FACES IN THE CROWD
Ted Cunniff, 17-year-old junior center for South Boston High School hockey team, who practices shooting by slamming pucks off the wall of a building, scored 13 goals, had one assist in a single game in league play, including one from center ice, 80 feet away.
John Rolland, 59-year-old Montreal insurance broker and one of the oldest racquets players in North America, won the Western Amateur singles in Detroit, beating William Cutler, his junior by 22 years.

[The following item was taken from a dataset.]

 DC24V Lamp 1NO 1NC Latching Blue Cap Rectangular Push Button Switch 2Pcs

Said Rolland: "Find a man's weakness, then drill at it."
Albertina Noyes, of Arlington, Mass., a freckle-faced 13-year-old, celebrated her birthday a week late by winning the eastern regional women's figure-skating title at Lake Placid, N.Y. on the basis of her free-skating, after finishing third in compulsory figures.
Thomas Berg, coach of track and field at Gallaudet College, the world's only college for the deaf, was named small-college coach of the year by the Rockne Club in Kansas City after he led a U.S. team to a second-place finish (Russia won) in Helsinki's Deaf Olympics.

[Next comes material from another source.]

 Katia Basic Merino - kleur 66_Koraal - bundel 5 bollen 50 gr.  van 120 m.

Gloria Clark, in her second year as the Sports Publicity Director for St. Louis University's Billikens, known best for their basketball teams, became the only woman in U.S. Basketball Writers Association, an organization consisting of more than 700 men.
Jerry Mosher, son of a teacher in Woodland, Calif., a basketball, swimming and decathlon prospect as well as northern California's football lineman of the year, was named honorary captain and end on the Wigwam Wise-men High School All-America football team.